If my math is right, they need about 1.1 million voters, still way less than Newsom's victory margin, to force a recall election. Once those signatures are certified, a vote is scheduled and voters who show up--and experts predict that many less interested voters will not show up--get asked two questions. One is do you want to recall the governor. If one more person than 50 percent votes yes, the second question, asking them to select from nearly four dozen people, comes into play.

So, as a column in The New York Times points out, Newsom can lose the first question by, say, 10 votes and be replaced by a candidate in the second vote who has, maybe, five percent of the total vote.

Interestingly, but not surprisingly, 46 people includes quite a few interesting characters, who managed to get on the ballot by gathering just 7,000 legitimate signatures and paying a $4,000 fee.

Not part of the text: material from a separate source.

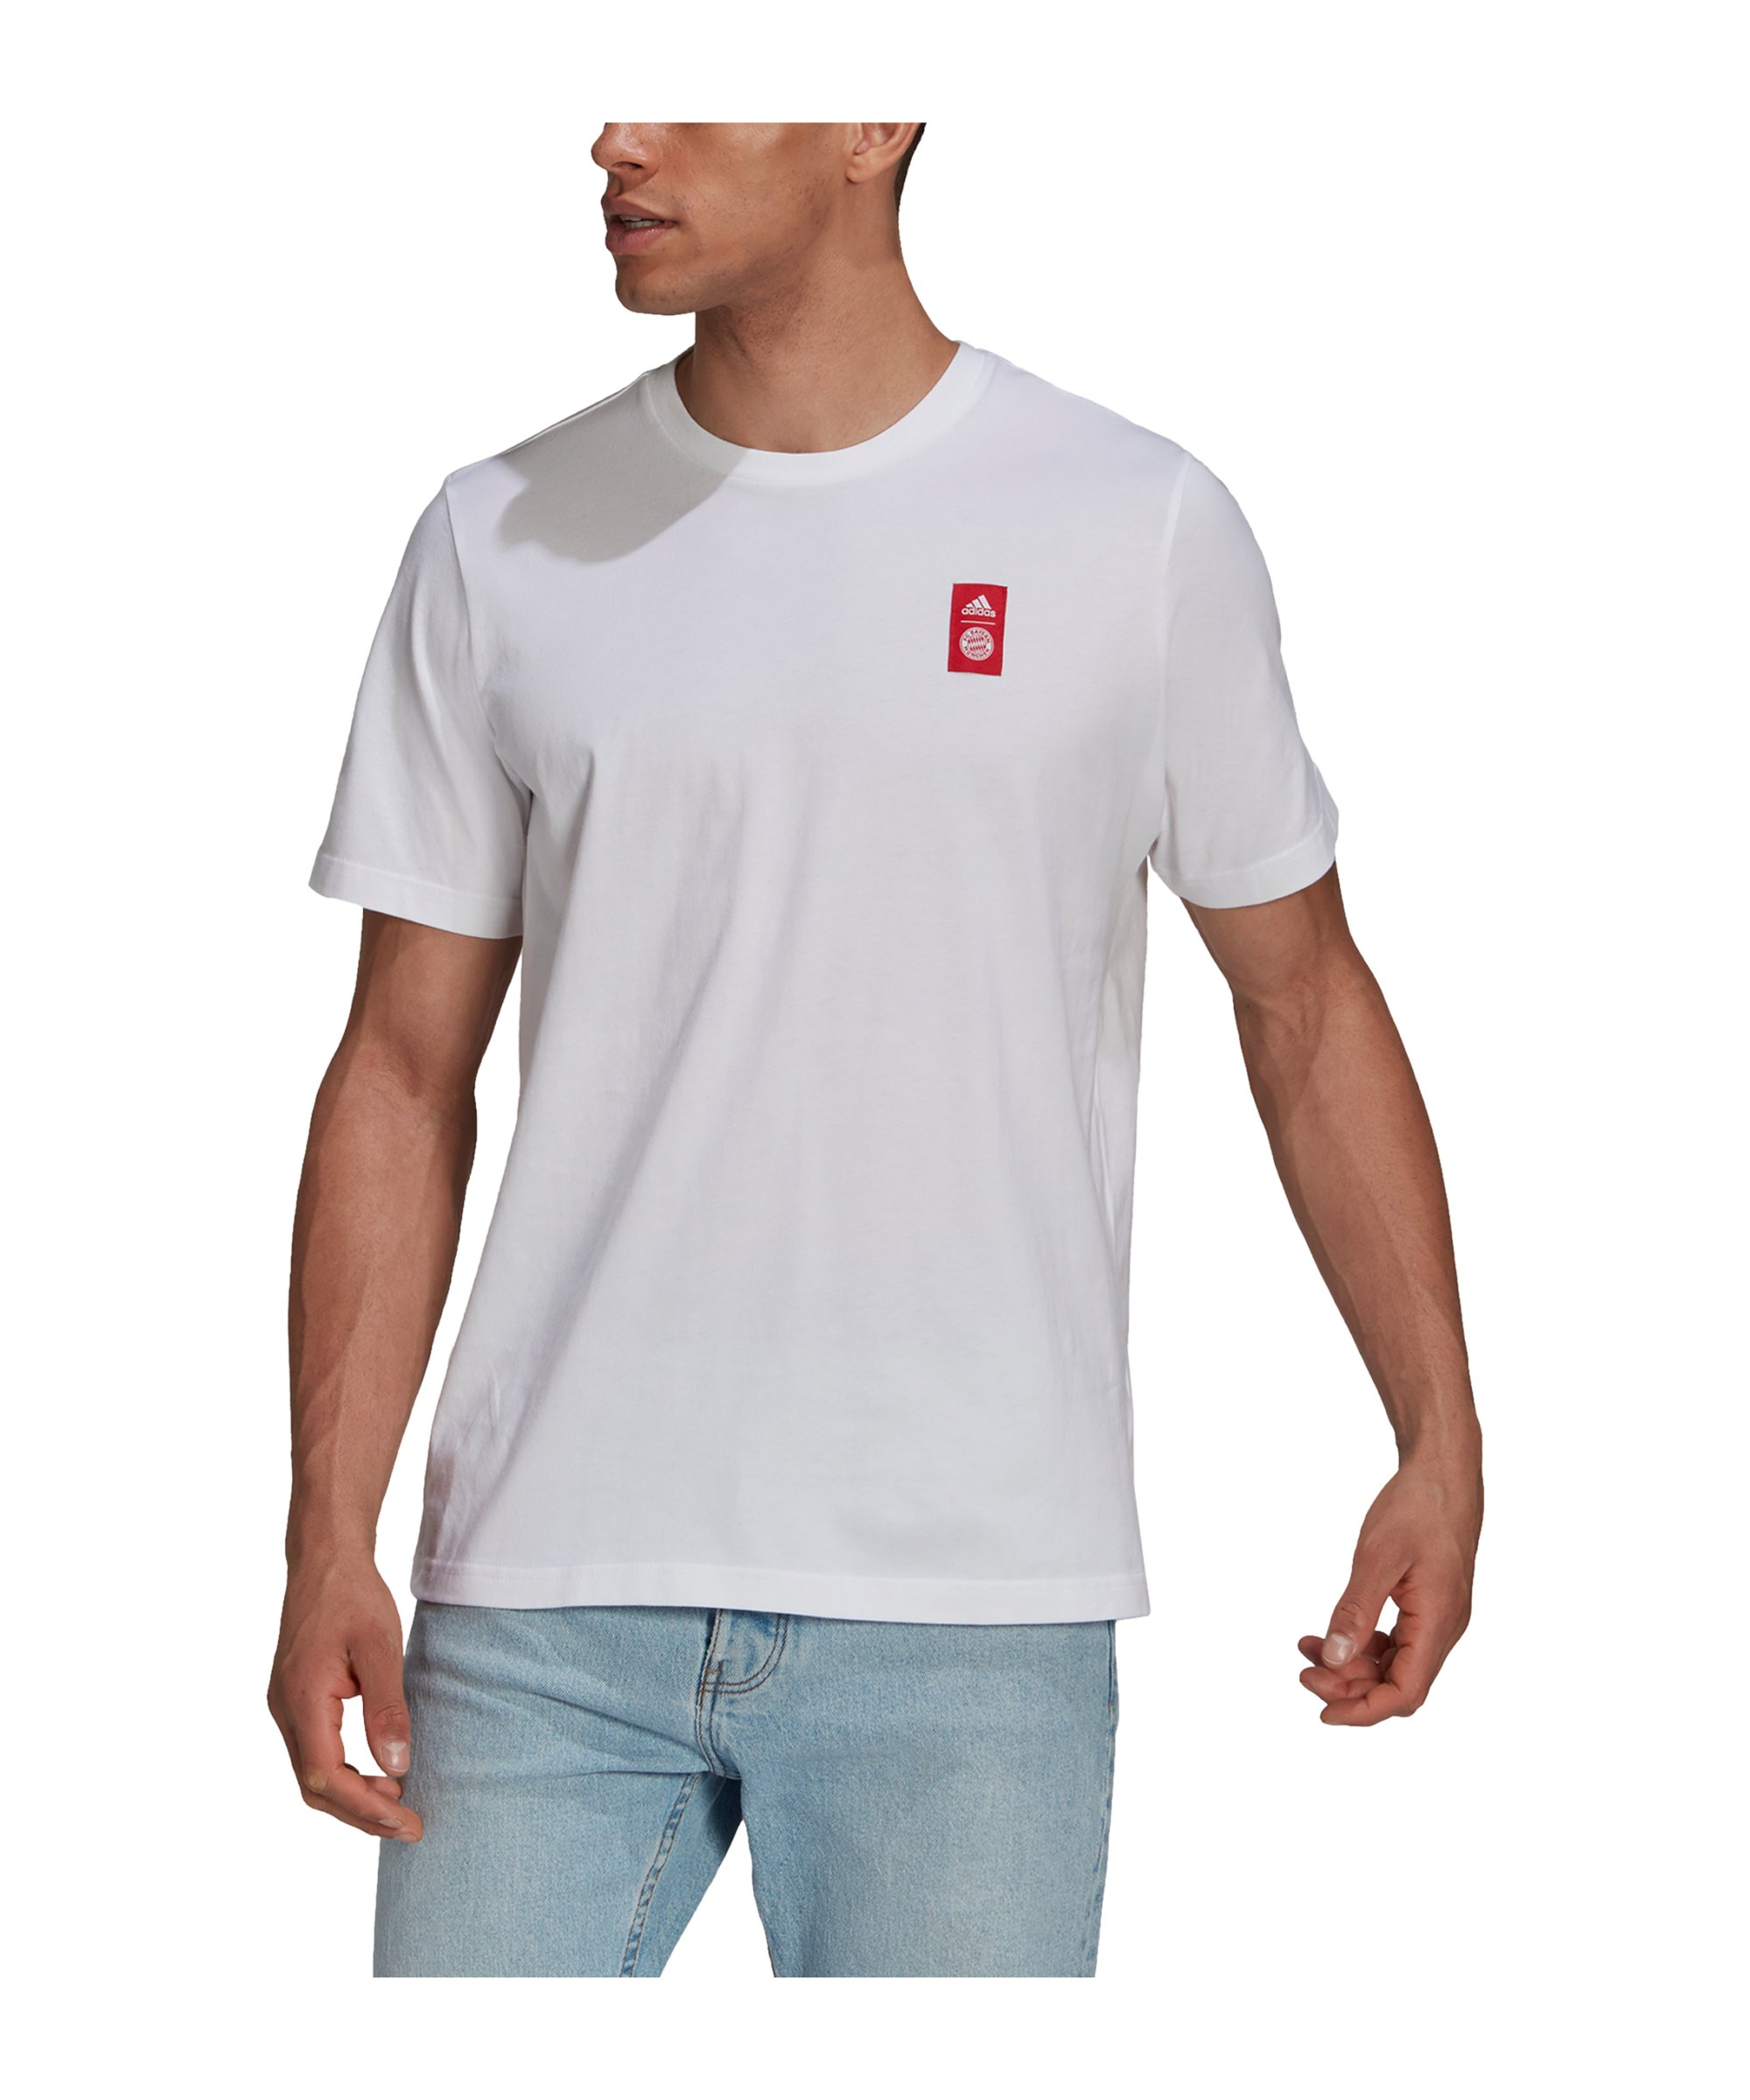 adidas FC Bayern München Street T-Shirt Weiss - weiss
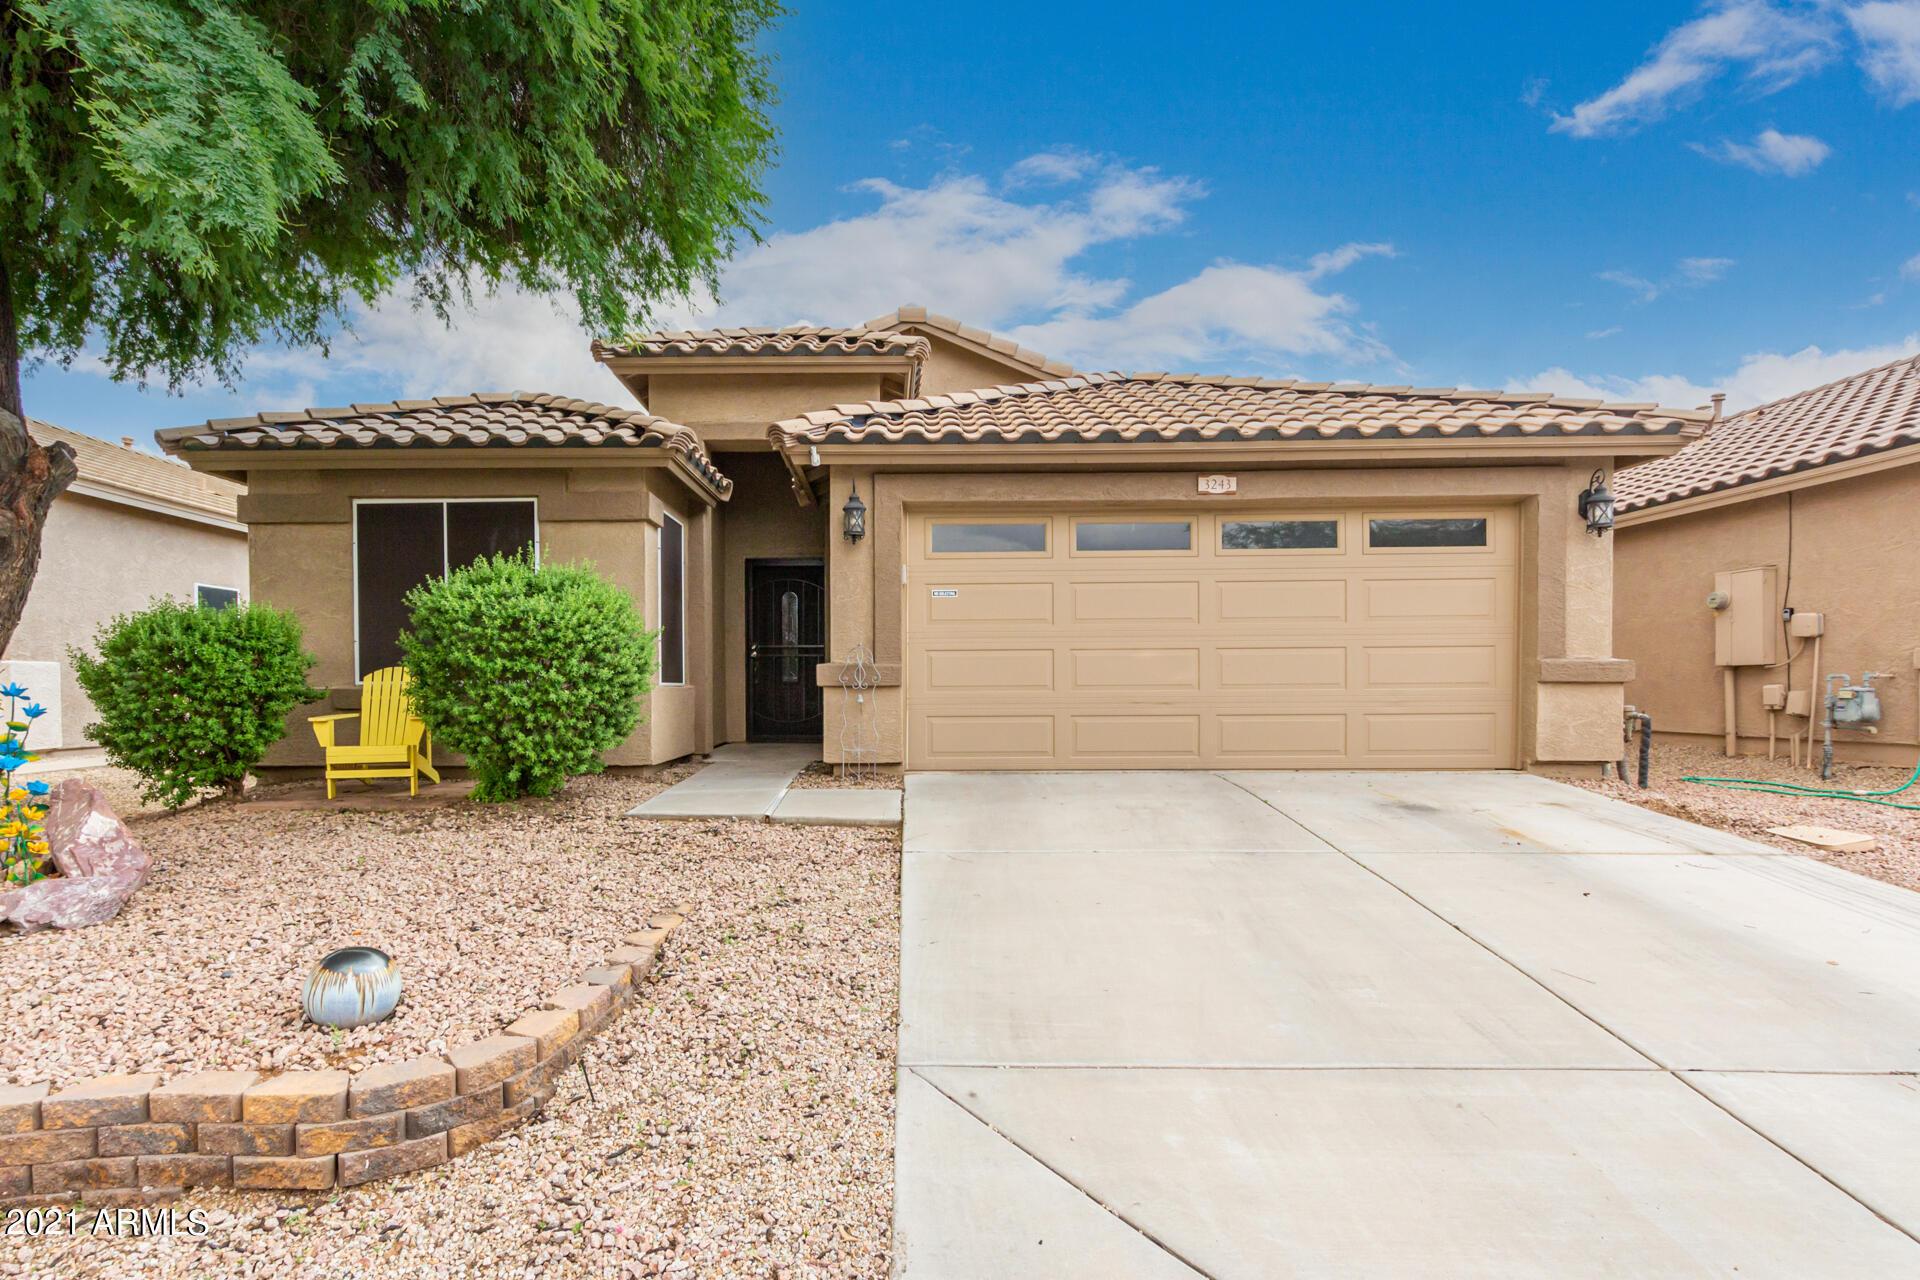 3243 YELLOW PEAK Drive, Queen Creek, Arizona 85142, 4 Bedrooms Bedrooms, ,2 BathroomsBathrooms,Residential,For Sale,YELLOW PEAK,6285606

They include Kaitlyn Jenner, the transgender Olympic gold medal winner who has said she wants her privacy but always seems to be in the public eye, Larry Elder, a conservative radio talk show host and several people who want California to secede from the union. Unfortunately for the rest of us, a couple of porn stars, apparently, decided not to run.

Cmon, wouldn't it be cool if the state of California was run by a porn star?

Oh, by the way, this upcoming vote is costing the Golden State about $300 million to pull off, even though another, legitimate, gubernatorial election is slated for next November.


Just my angle.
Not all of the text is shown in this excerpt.